- The task -
Transcribe the entries below word for word, beginning at the line with "Japan, Kansai, Osaka, japanische" and stopping after the line with "L'icône mascotte d'un"; drop all pictures.

The input START

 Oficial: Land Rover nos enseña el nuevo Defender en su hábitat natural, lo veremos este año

The input END
The input START

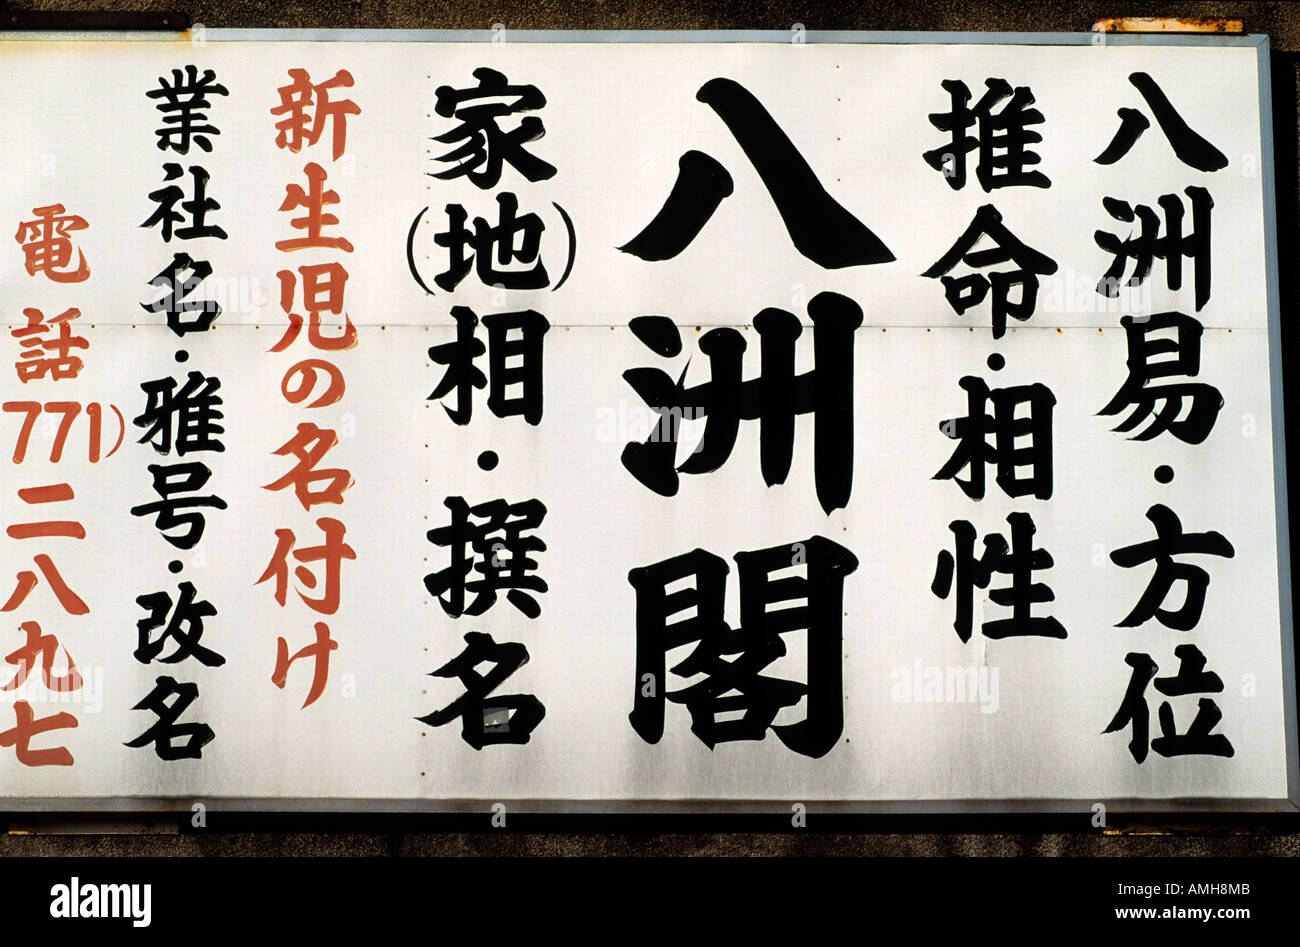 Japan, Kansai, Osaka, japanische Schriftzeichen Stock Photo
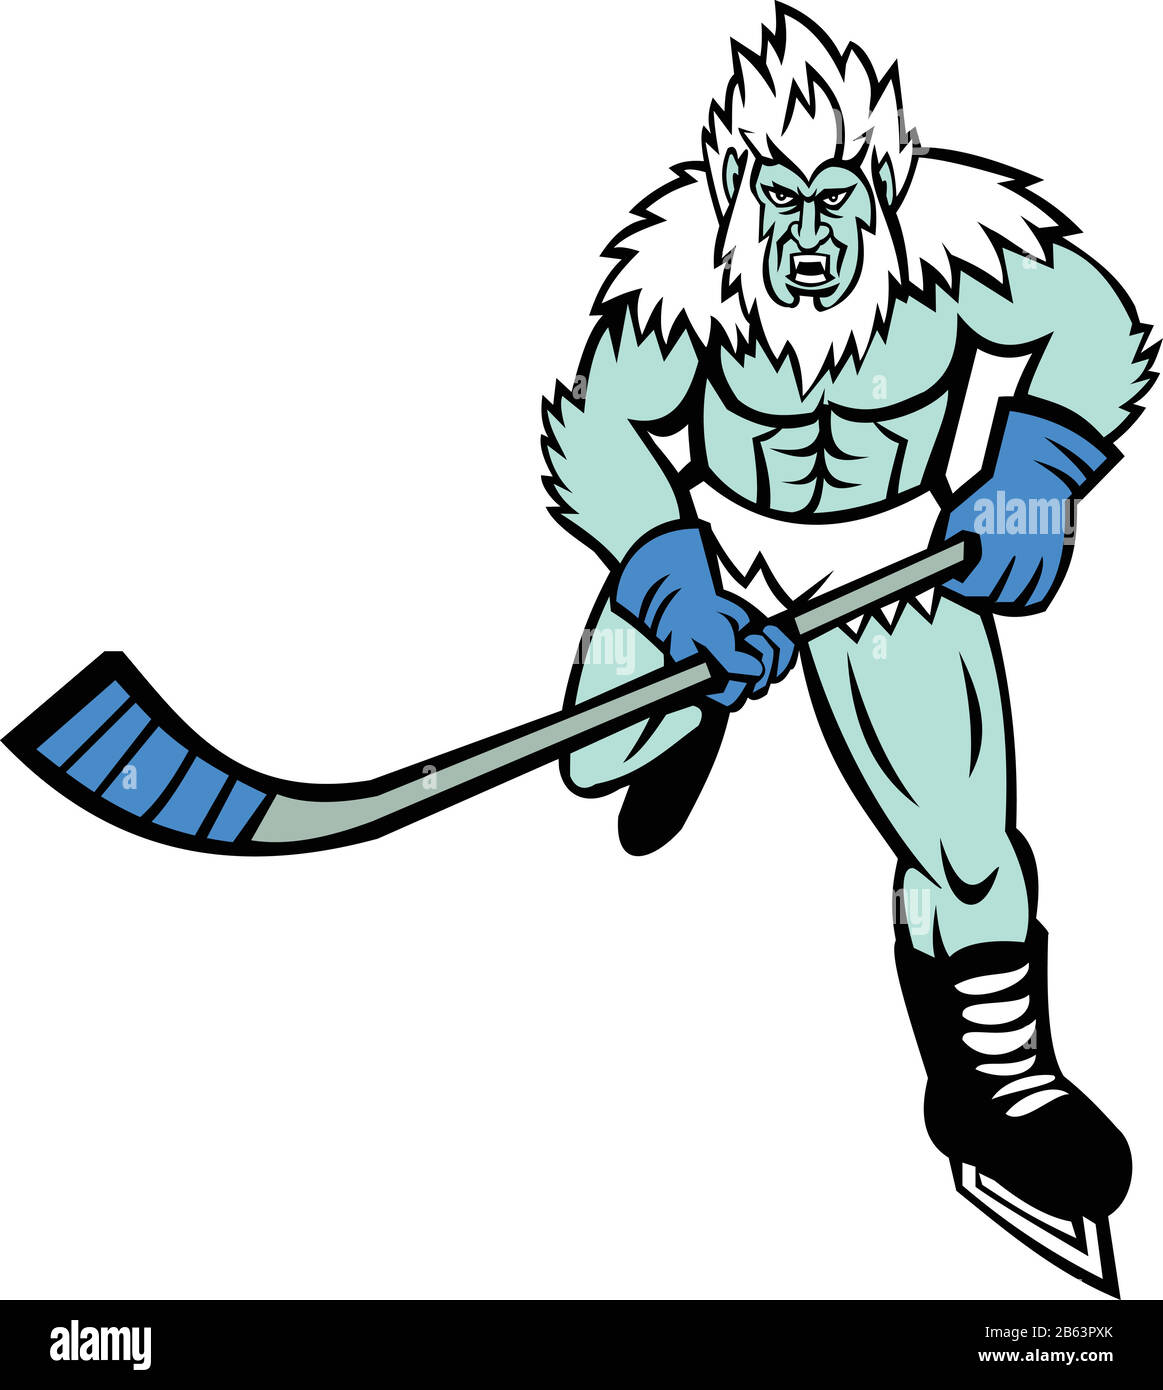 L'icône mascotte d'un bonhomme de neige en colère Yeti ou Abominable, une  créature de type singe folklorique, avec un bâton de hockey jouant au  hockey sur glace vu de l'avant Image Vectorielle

The input END
The input START

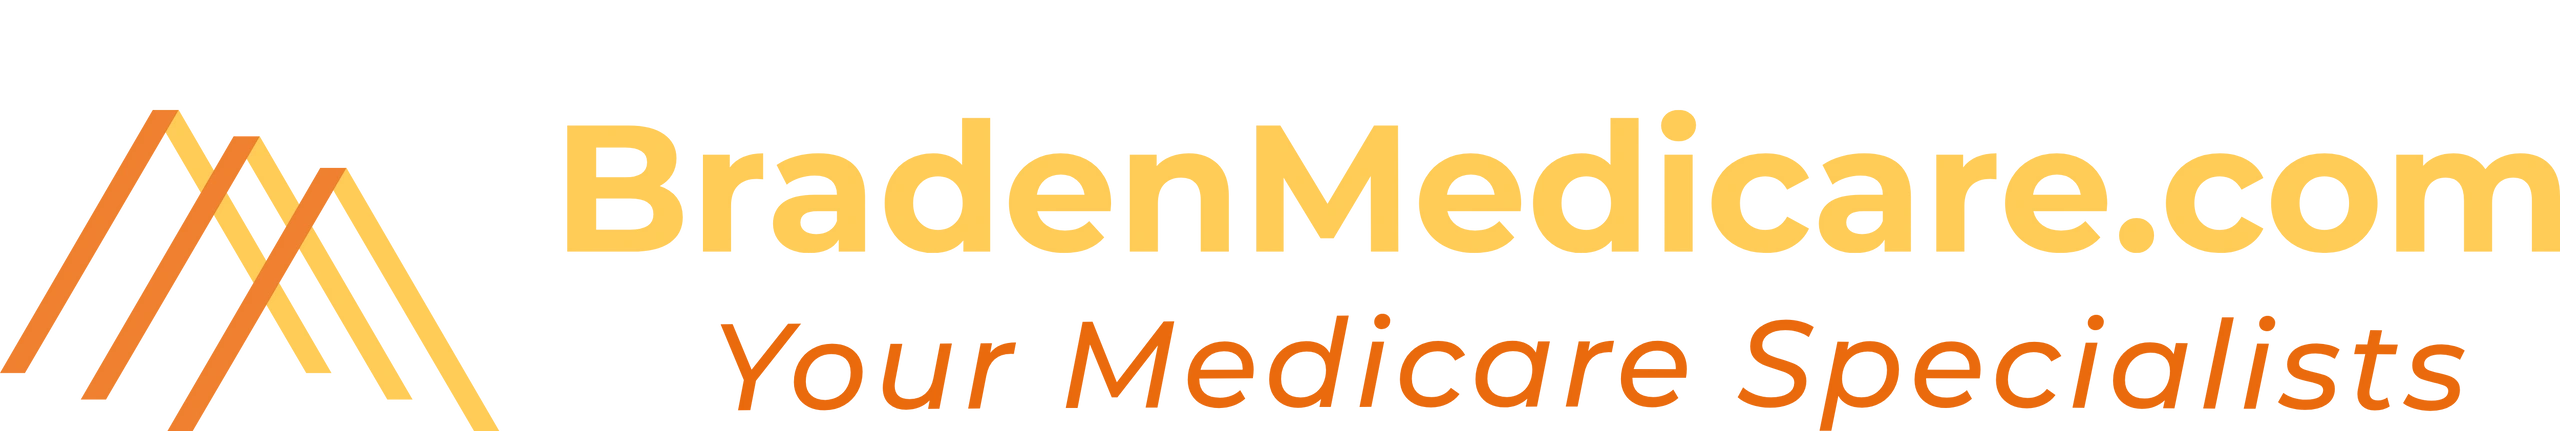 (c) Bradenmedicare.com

The input END

- Response box -
 Japan, Kansai, Osaka, japanische Schriftzeichen Stock Photo
 L'icône mascotte d'un bonhomme de neige en colère Yeti ou Abominable, une  créature de type singe folklorique, avec un bâton de hockey jouant au  hockey sur glace vu de l'avant Image Vectorielle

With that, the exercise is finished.